What is your next step?

I have accepted a post-doc under the direction of Prof. Garth Ehrlich at Drexel University College of Medicine. There, I will continue some of my work on biofilms as well as expand into other research avenues related to biofilms and more generally infectious diseases.

What do you see for yourself in the future?

I would like to continue in academia and become a principal investigator. I have always been fascinated by the chemistry and biochemistry of infectious diseases, and that is where I would like to continue to grow my research roots.

You mentioned possibly becoming a Principal Investigator. Why become a PI, as opposed to entering the private sector?

I have always loved the idea of the research freedom that academia provides, and I love training people and sharing my knowledge of science. One of my greatest joys is helping people understand the science and pushing others to learn new things with me. I feel like a PI position would allow me to fully take advantage of the satisfaction of training others and helping them reach their goals, and ultimately advance science and knowledge for the greater good. Being president of ChemGSA has also taught me that I can successfully lead teams to accomplish goals, and this, I feel, will translate well into running a laboratory at a research institution.

Art & Science: Meet Jerica Wilson

When did you initially become interested in Chemistry?

I initially became interested in chemistry my junior year of high school — honestly, during the flame test lab experiment.

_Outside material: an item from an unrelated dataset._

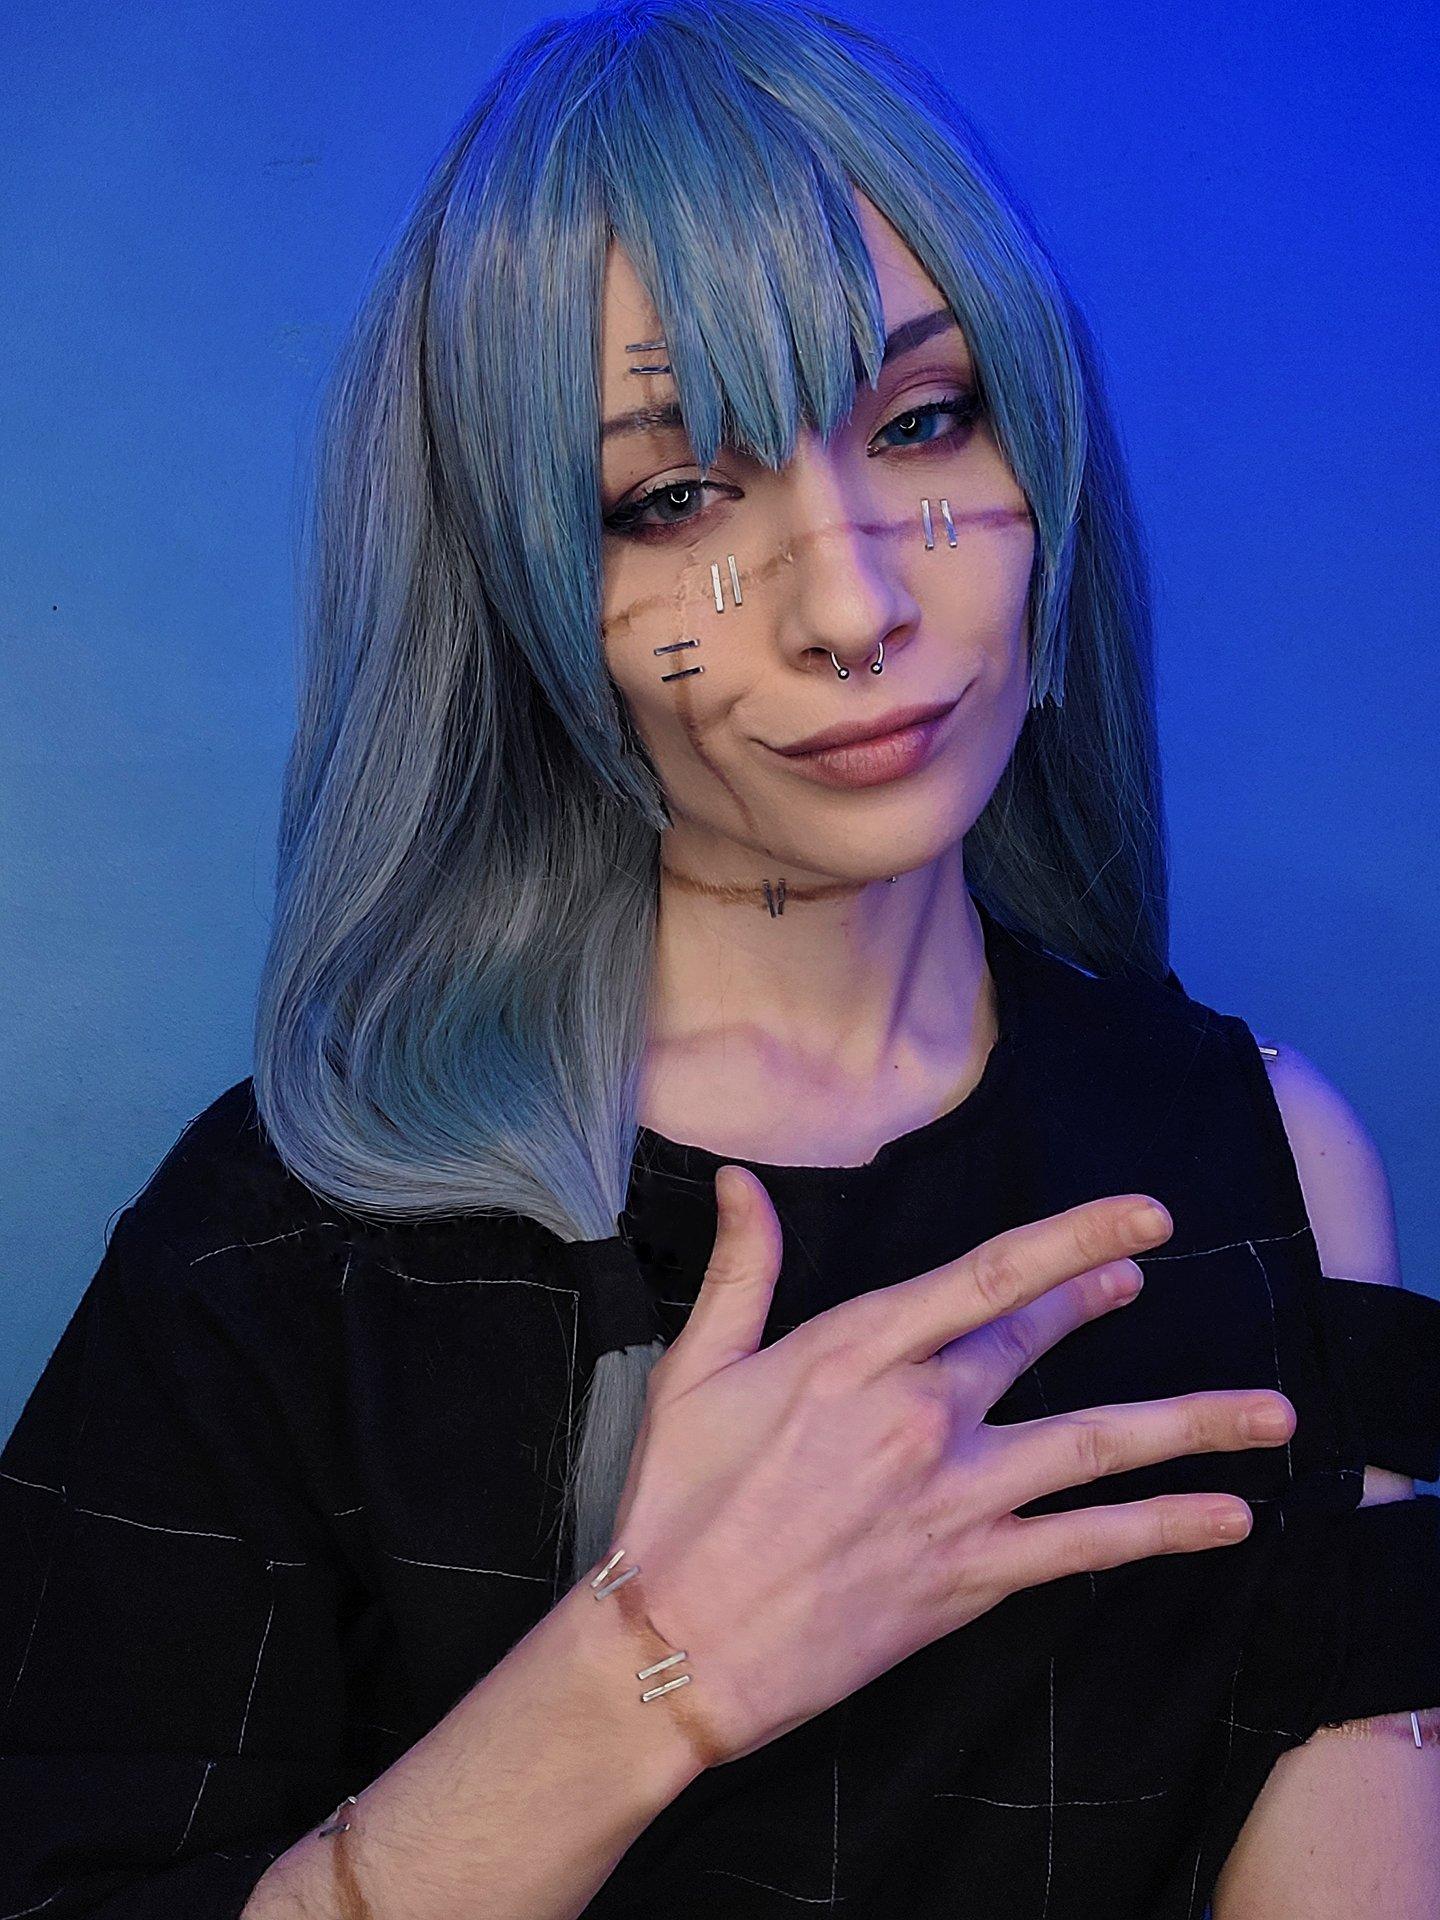 Fotografía de la cosplayer Nat haciendo de Mahito de 'Jujutsu Kaisen' mirando hacia la cámara con una sonrisa en el rostro en un fondo azul.

When did you decide to become a chemistry major, and how long have been a member of the Chem GSA?

It took a while to get to that decision. I graduated with my undergraduate degree in history and 2D fine art. I started a graduate program right out of college and quickly realized history was not what I wanted to do with the rest of my life. I worked odd jobs for a year before deciding to take a chemistry class at a community college to see if that field still held interest for me, and I have not looked back since.

I started at Drexel in the fall of 2017. I have been a member of ChemGSA for three years, and though I helped with events last year, this is my first year on the executive board.

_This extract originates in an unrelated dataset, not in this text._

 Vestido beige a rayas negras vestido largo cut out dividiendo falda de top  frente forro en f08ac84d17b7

As a chemistry major, what do you wish other people knew/understood about chemistry?

There is a false dichotomy between science and art that draws invisible and unnecessary boundaries on how one is allowed to think, and I wish I could convince more of this falsehood. Society has placed science and art at opposing ends of the spectrum, mandating one to be of superior thought and the other less. As both a chemist and artist, I cannot see the disciplines as opposites; they overlap and intertwine, and I want others to understand the artistry that chemistry requires, in particular, my chosen field of organic synthesis. Chemistry is not all rigid logic, but demands creative approaches and fluid thinking that are found in an artist’s arsenal. There is such a benefit to combining thinking from across disciplines.

Can you explain the process of how the ChemGSA executive board is nominated/elected/chosen?

If one would like to hold a position, they email the current president with their name, desired position, and a short statement detailing their qualifications for candidacy. If there are multiple self-nominated people for one position, the chemistry graduate students vote for their preferred candidate.

What do you envision for the role of the ChemGSA going forward?

Going forward, I would like to see ChemGSA take a stronger role in assisting the chemistry graduate students with professional development. Preparation for the next step is crucial towards the success of the master’s and PhD graduates and, if we can offer any support in that area, it will be highly beneficial to the chemistry graduate student body.

What do you hope to accomplish as President?

I hope to continue the momentum and keep propelling the organization forward. We have a lot of ideas for events and Scholar Shares that we hope will keep bringing together and engaging the chemistry graduate students in supportive and collaborative environments. And there’s a little bit of fun planned, too.